When it comes to writing, I’m a bit of a traditionalist (and, frankly, snob;). I like the Oxford comma and I’m particularly fond of using “e.g.” and “i.e.”. However, in my recent past and current role, such things are frowned upon. As a matter of style guide writing convention, we prefer “for example” instead of “e.g.” Policies like this always make me bristle a bit; especially when the answer to “Why are we writing in this less formal manner?” is along the lines of “It’s policy.”
However, I now have easily adapted to the practice of writing “for example” and have quickly dropped the “e.g.” from my writing. It’s almost like a bit magically flipped, but it wasn’t without the initial trepidation. What was the trick? Quite simply, I learned the true “why.” I asked about this practice during “on boarding” a few weeks ago, and rather than getting the same old meaningless “it’s policy” response, I instead received a logical explanation. It turns out that we’re starting to translate many of our papers into other (non-English) languages, and it’s simply much easier to automate those translations if one uses actual words instead of (correct or incorrect) uses of “e.g.” and “i.e.”! This is a brilliant, simple example of what I think many organizations fail to realize about communicating policies.
This example really brought to mind the research study, “Compliance with Information Security Policies: An Empirical Investigation,” published in the IEEE Computer Society journal back in 2010. In the article, they talk about the importance of people wanting to comply with policies and tricks that can be used to lower that bar to acceptance and conformance. Fundamentally, if people understand the “why” behind a policy, then they are far more likely to accept it and conform. If, instead, they get the meaningless “it’s policy” response to their questions, then it will naturally foster a resistance to change.
I used to reference this study quite frequently when I worked as a consultant in the GRC space. A good GRC product will not only publish policies, but will also provide better contextual information for the policies and their rationales. Moreover, the policy content no longer needs to be focused on prose (as the dusty tomes of old have used), but instead can be oriented toward being highly searchable, and thus should simply focus on a) concisely communicating the requirement and expected level of performance, and b) communicating the rationale for the requirements, up to and including a (very) brief risk analysis statement.
- Requirement: All passwords must have a minimum length of 12 characters, and should not be based on a single, easily-guessed word.
- Reason: The average length of an English word is slightly more than 5 characters. Setting a 12 character minimum encourages the use of 2 or more words, including spaces.
- Risk Analysis: The primary goal of requiring “strong” passwords is to reduce guessability. Most authentication systems are protected by several other security mechanisms that reduce the number of password failures and retries that can be attempted.

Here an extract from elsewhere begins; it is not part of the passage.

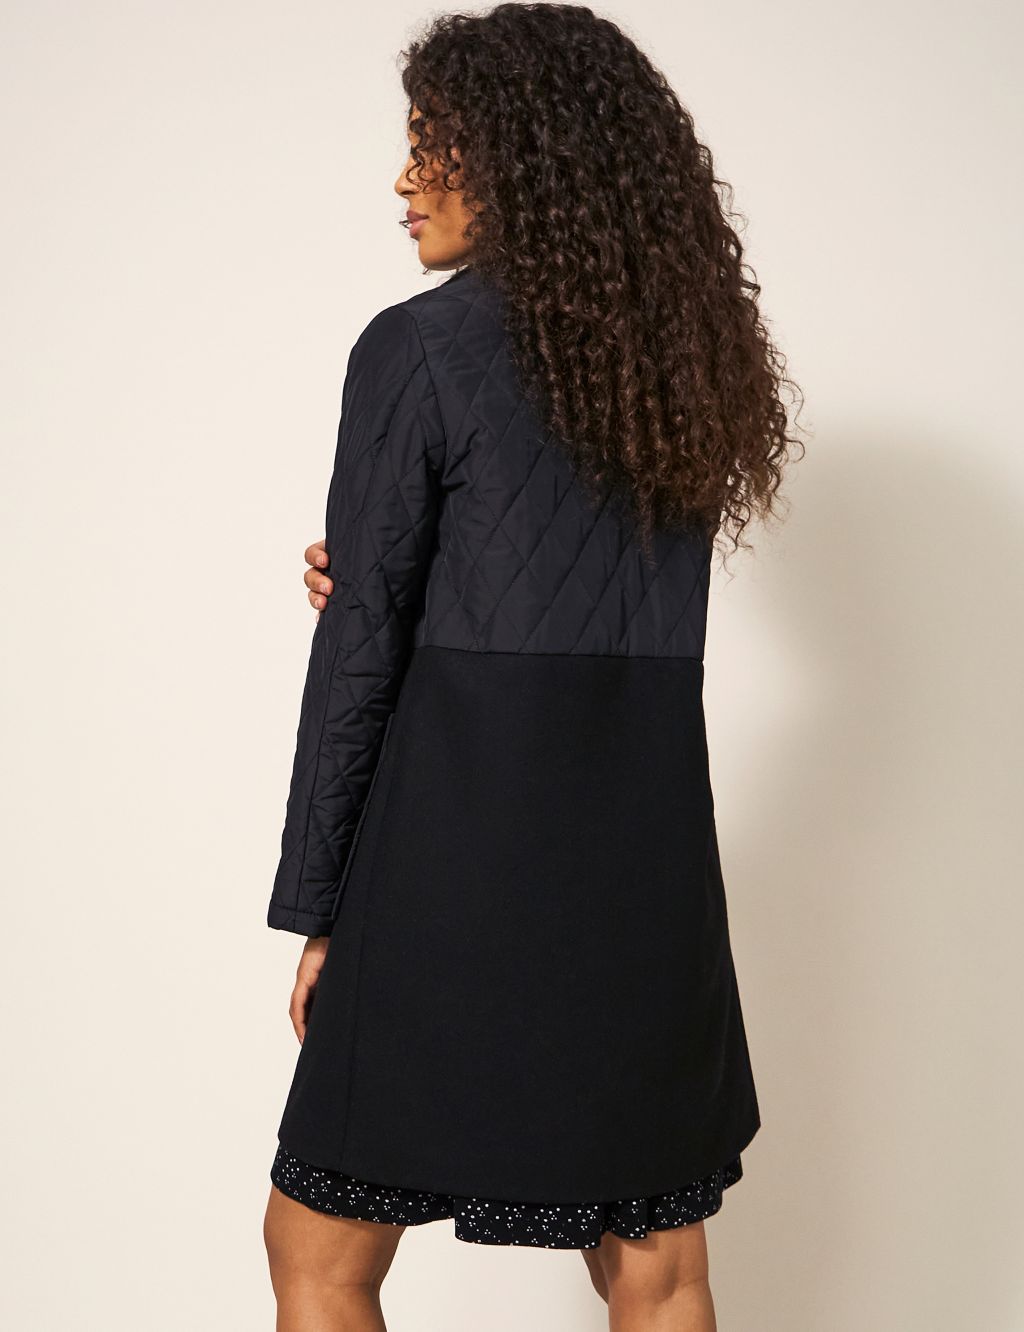 Textured Pea Coat with Wool image 5

Requiring a password of at least 12 characters greatly diminishes the ease of guessing within a few attempts a correct password, thus allowing the other protective measures to engage and prevent an account from being compromised.
This is a simple example, and one that could easily be made all that much better by spending a little more time refining it (especially the language in the risk analysis – for example, what’s the business impact?). Consider, however, that this is just one small change that can lead to broader cultural change. Simply making sure that every policy-related question is answered with a reasonable rationale can go a long way toward increasing human acceptance of the need for change. And, once you get that ball rolling, you might be surprised by where it may lead.
To close this post out, consider this (somewhat dated) post from Seth Godin back in 2010: “Resilience and the incredible power of slow change.” In it, he emphasizes that we set reasonable expectations for how quickly change can/will occur. It’s a good reminder that we cannot expect the world to change overnight, and that changes we see today were almost certainly set into motion long ago. This notion also ties well into Gartner’s recent research “Security Vision 2020.”